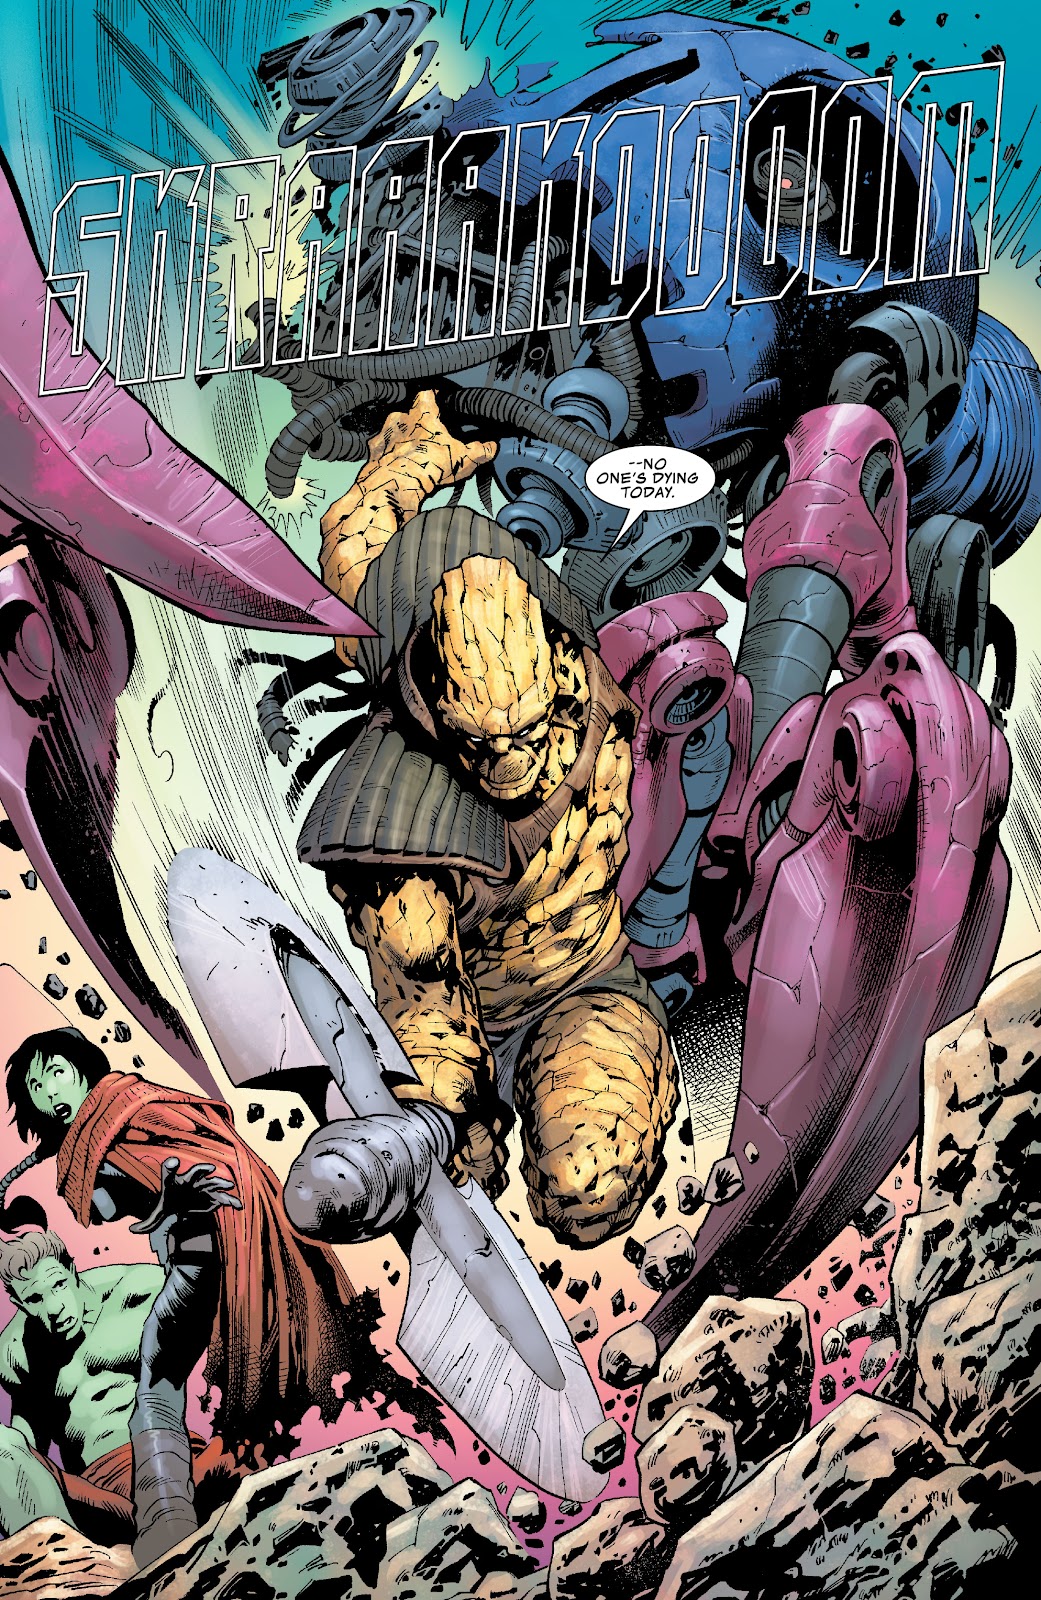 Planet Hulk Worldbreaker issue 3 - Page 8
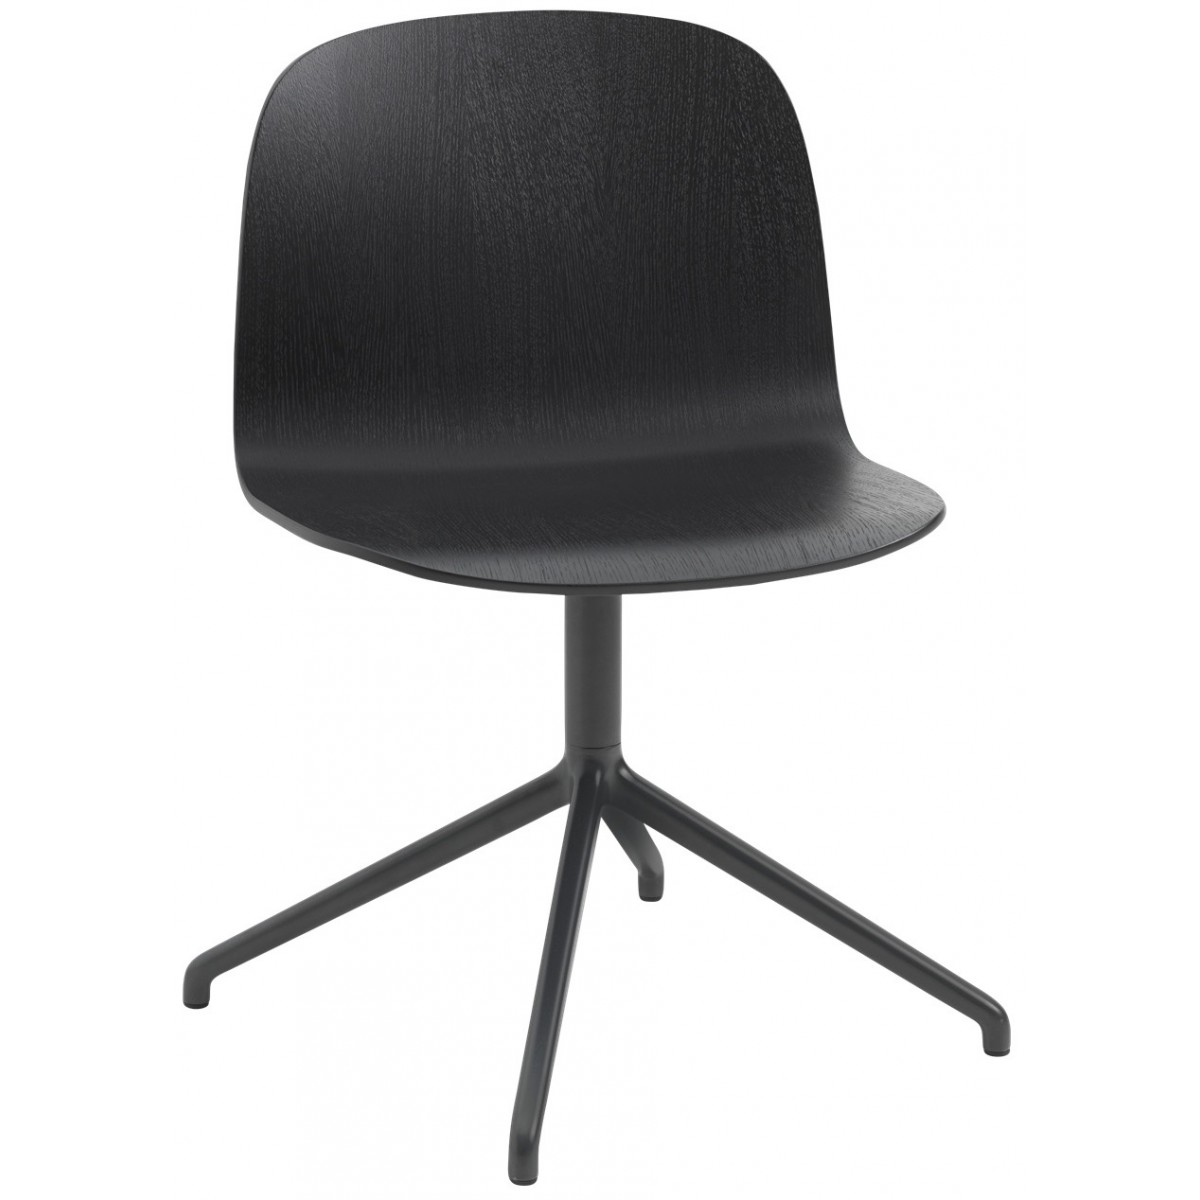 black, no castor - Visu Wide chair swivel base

+++++

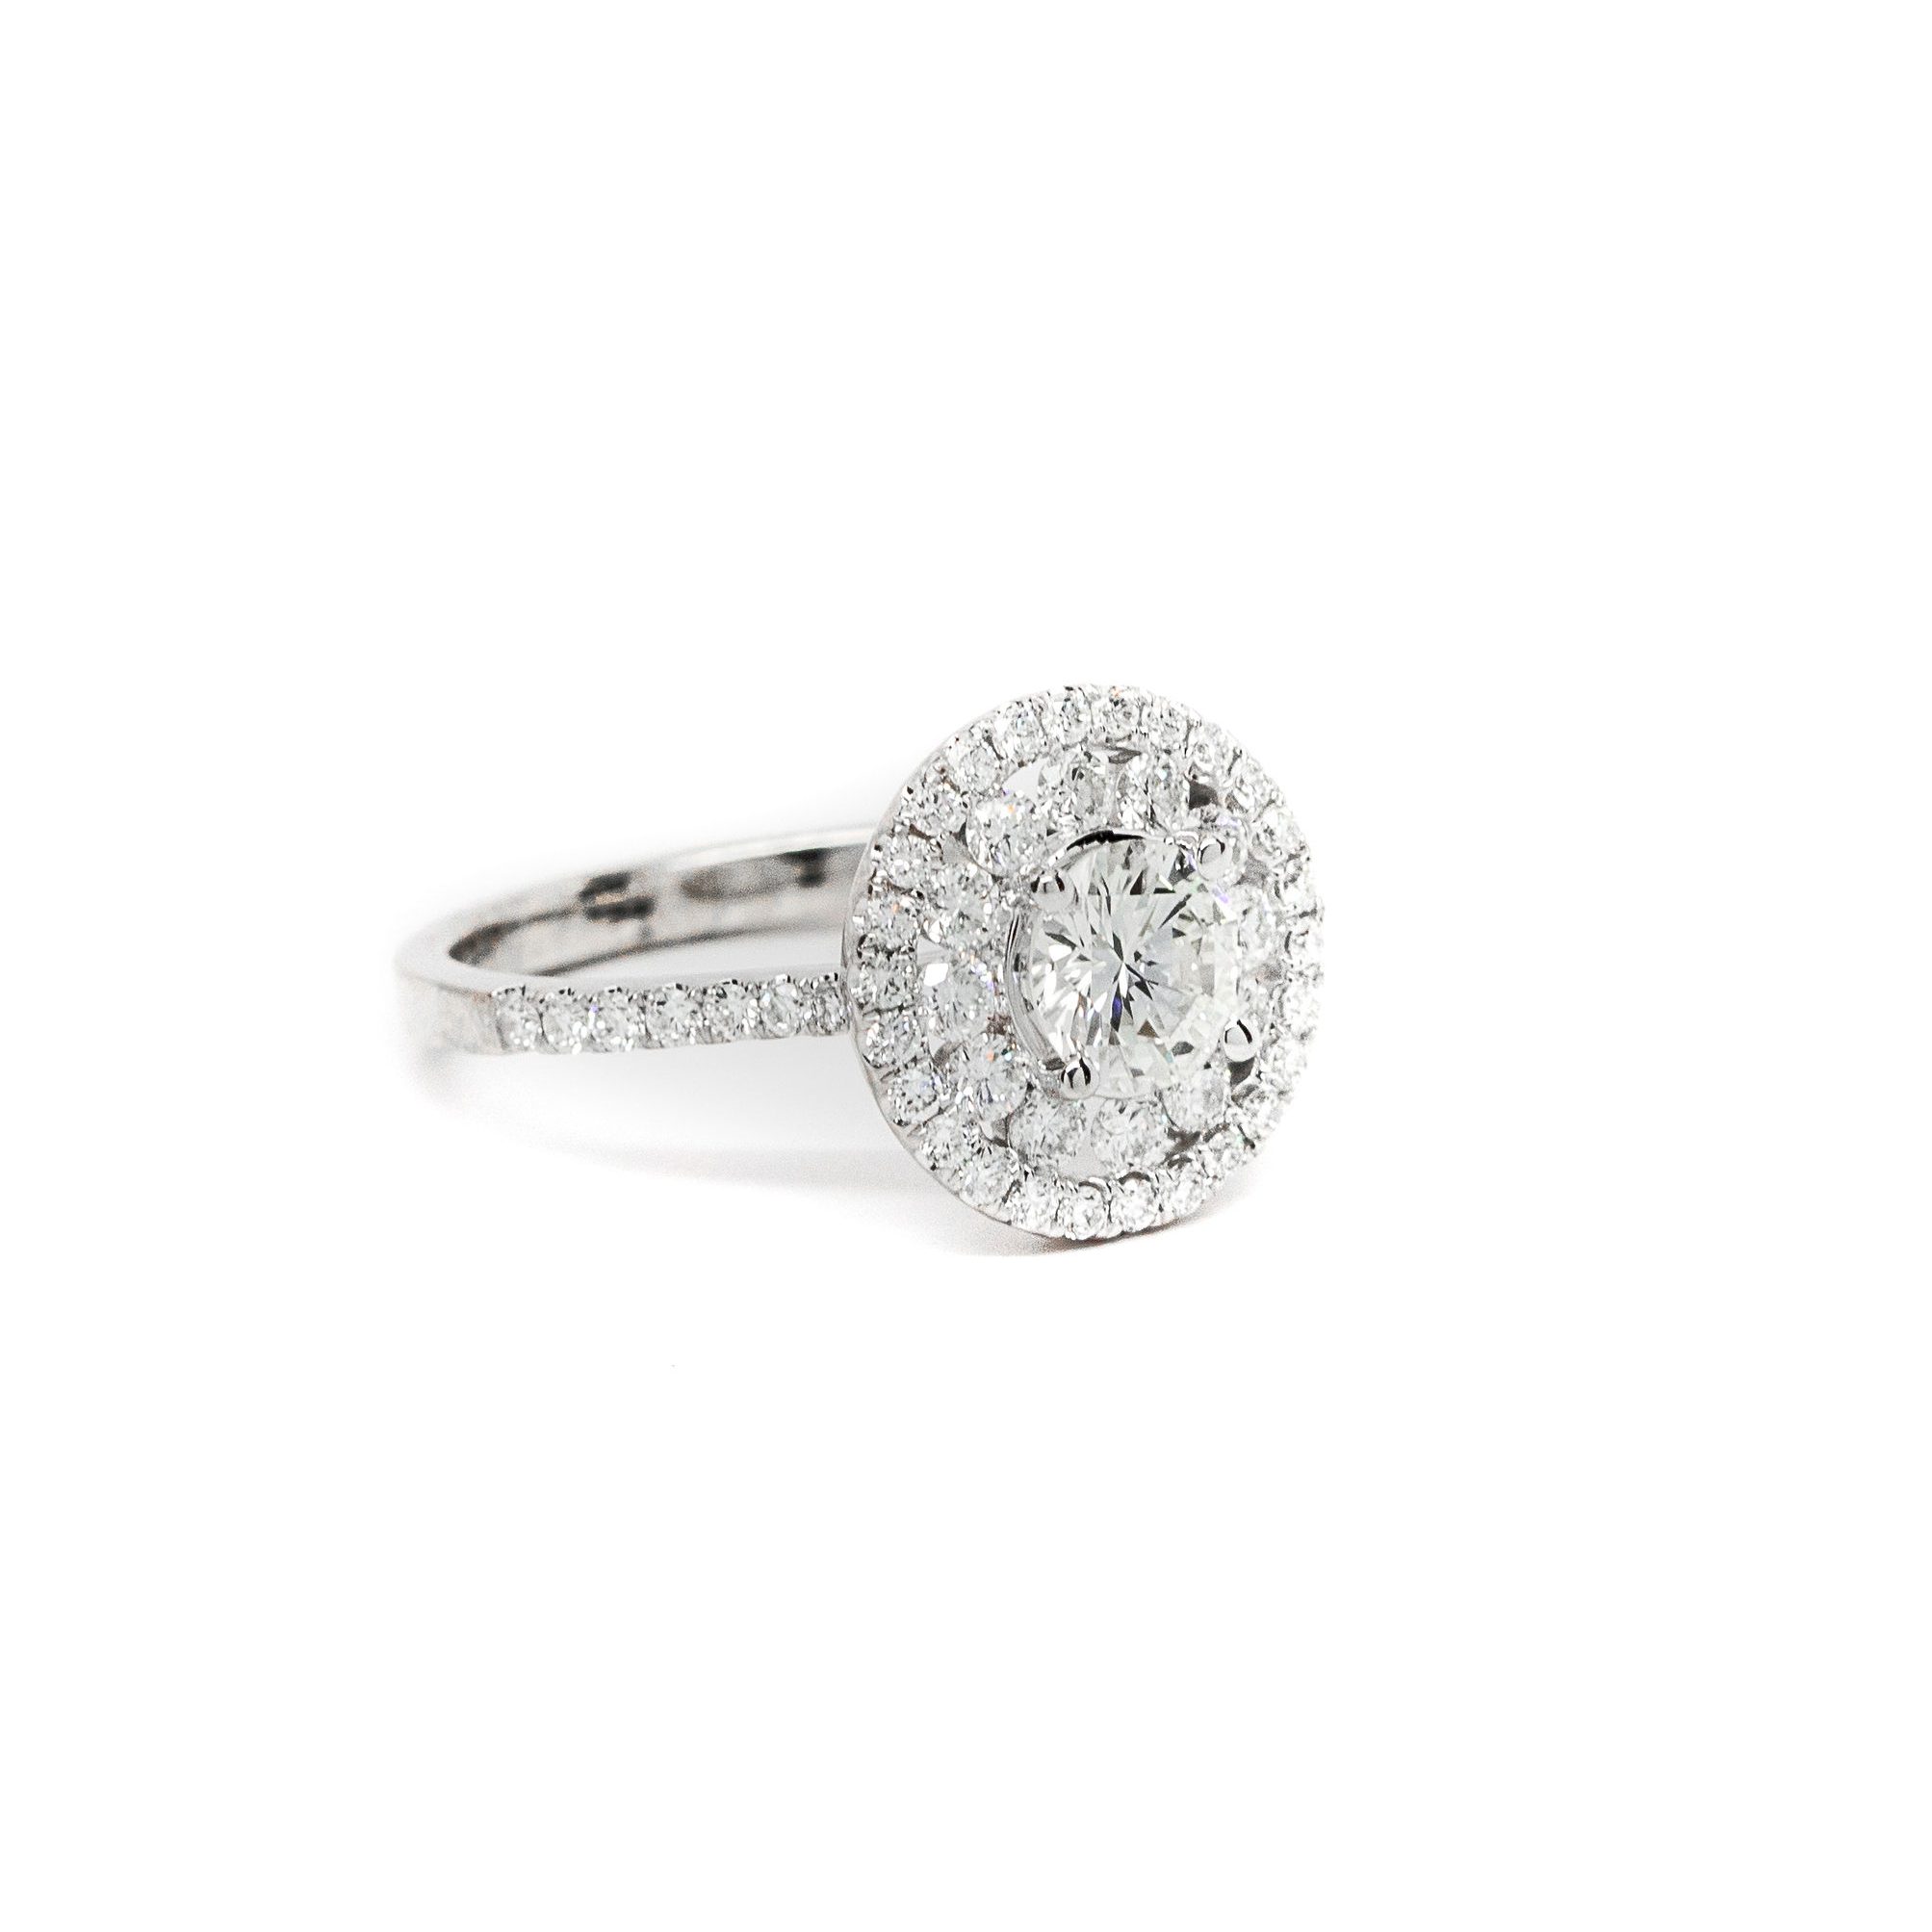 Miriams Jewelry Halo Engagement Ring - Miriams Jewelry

+++++

▶ What to work on
Please copy out from the data above, without any picture, exactly the lines running from the one that holds "Planet Hulk Worldbreaker issue 3 - Page 8" through the one that holds "black, no castor", and nothing beyond them.

▶ Response for this exercise
 Planet Hulk Worldbreaker issue 3 - Page 8
 black, no castor - Visu Wide chair swivel base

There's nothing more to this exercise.